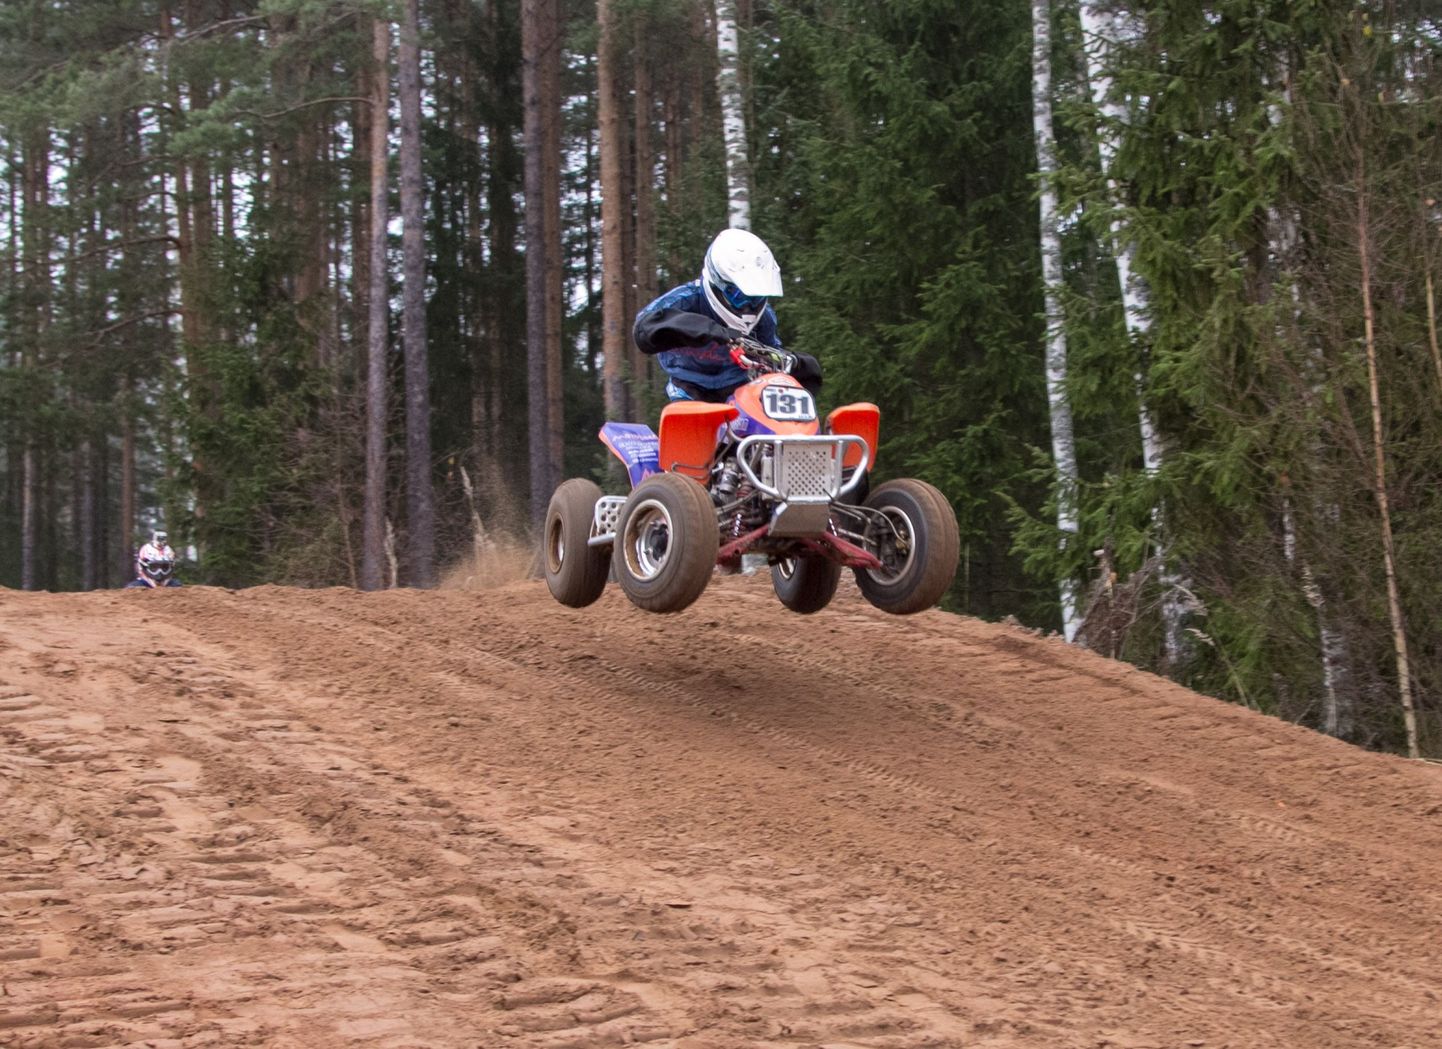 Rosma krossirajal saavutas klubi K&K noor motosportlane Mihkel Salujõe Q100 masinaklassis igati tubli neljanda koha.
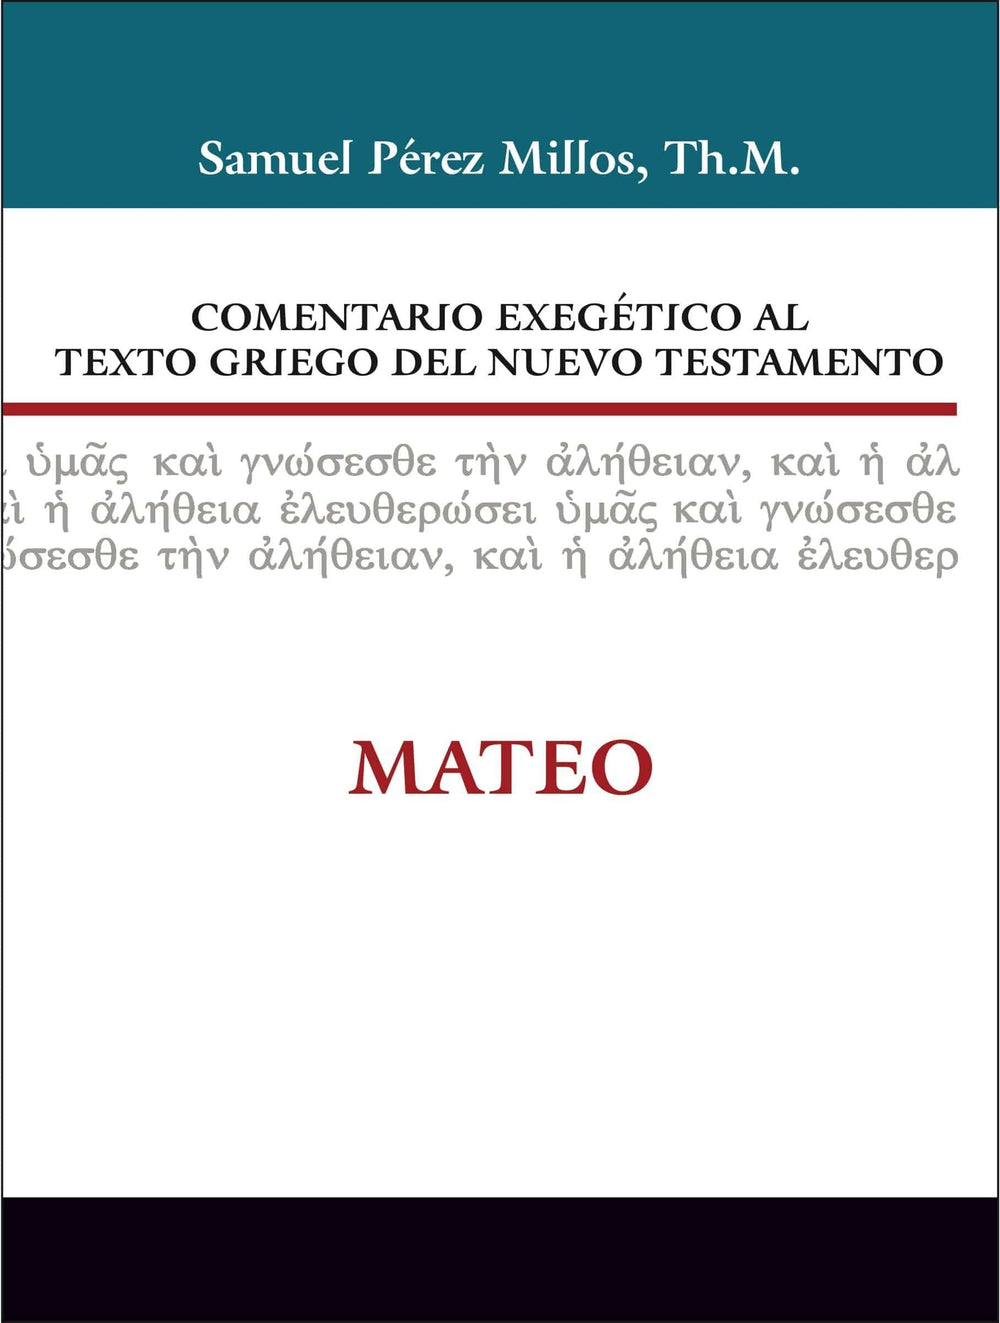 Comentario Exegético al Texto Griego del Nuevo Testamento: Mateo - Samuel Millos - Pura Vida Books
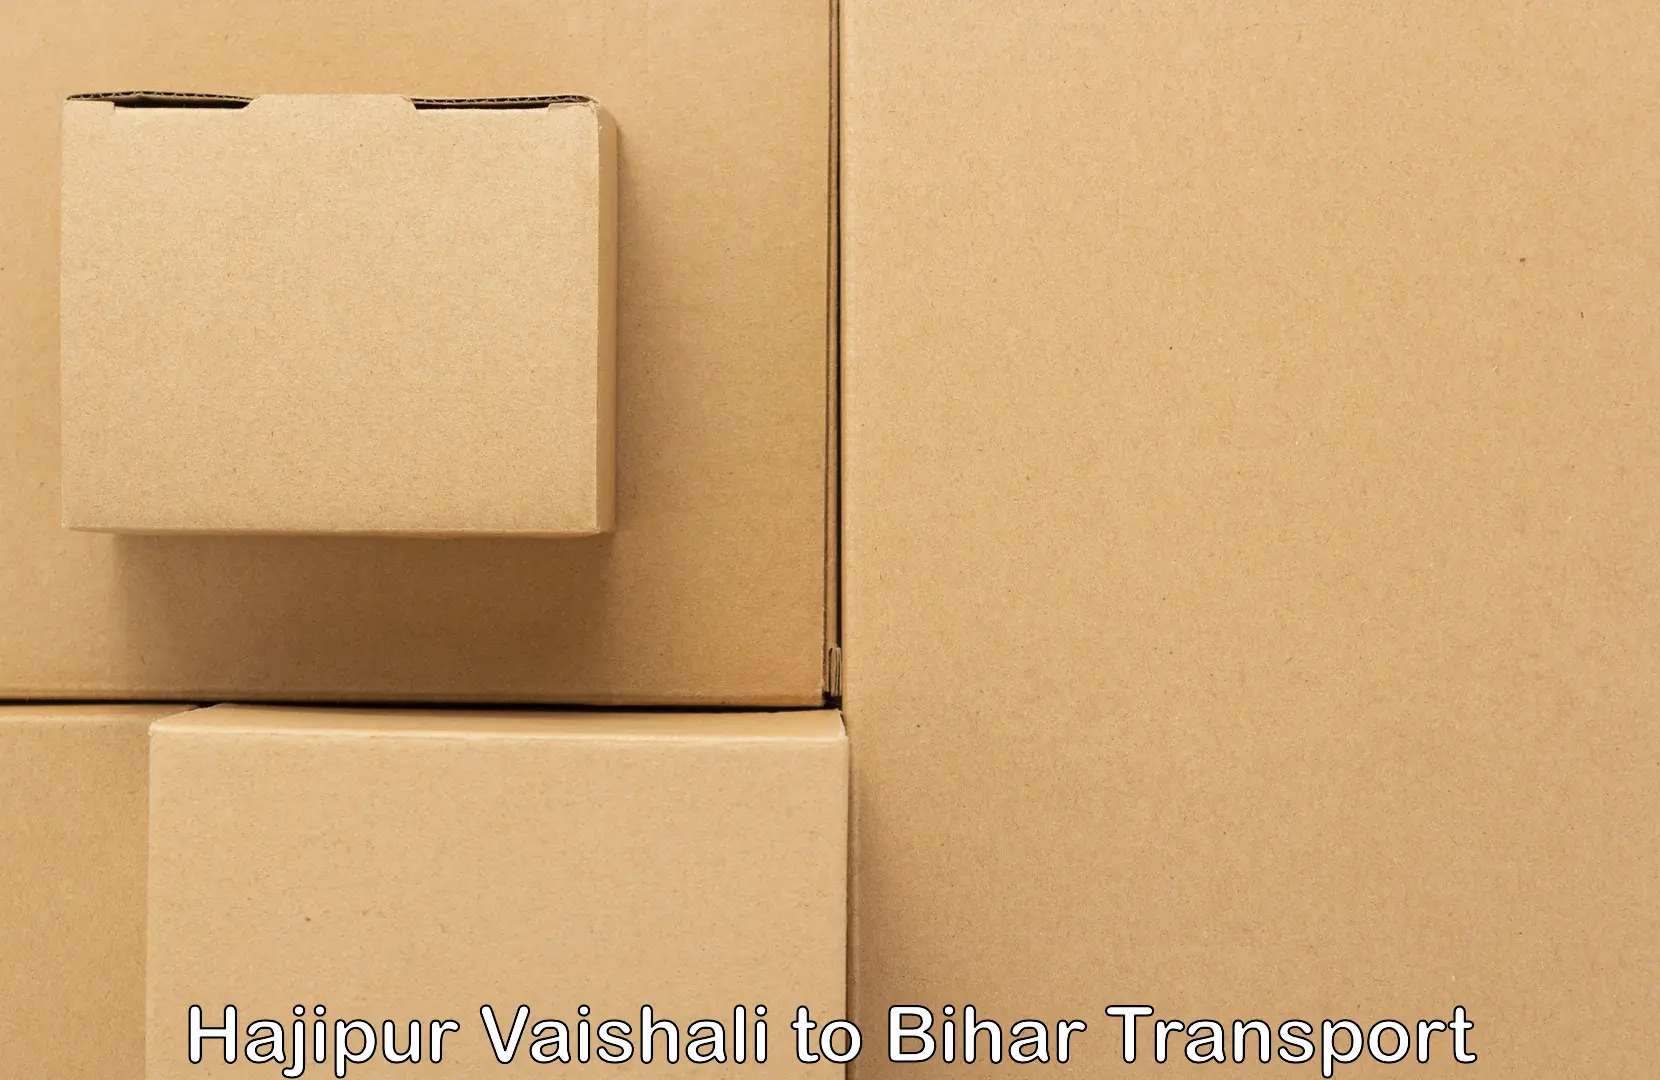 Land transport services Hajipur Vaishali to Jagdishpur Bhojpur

» Try it
Would you reproduce the listing above in full and exactly, without its pictures?

» Result of the exercise
 Rosma krossirajal saavutas klubi K&K noor motosportlane Mihkel Salujõe Q100 masinaklassis igati tubli neljanda koha.
 Comentario Exegético al Texto Griego del Nuevo Testamento: Mateo - Samuel Millos - Pura Vida Books
 Land transport services Hajipur Vaishali to Jagdishpur Bhojpur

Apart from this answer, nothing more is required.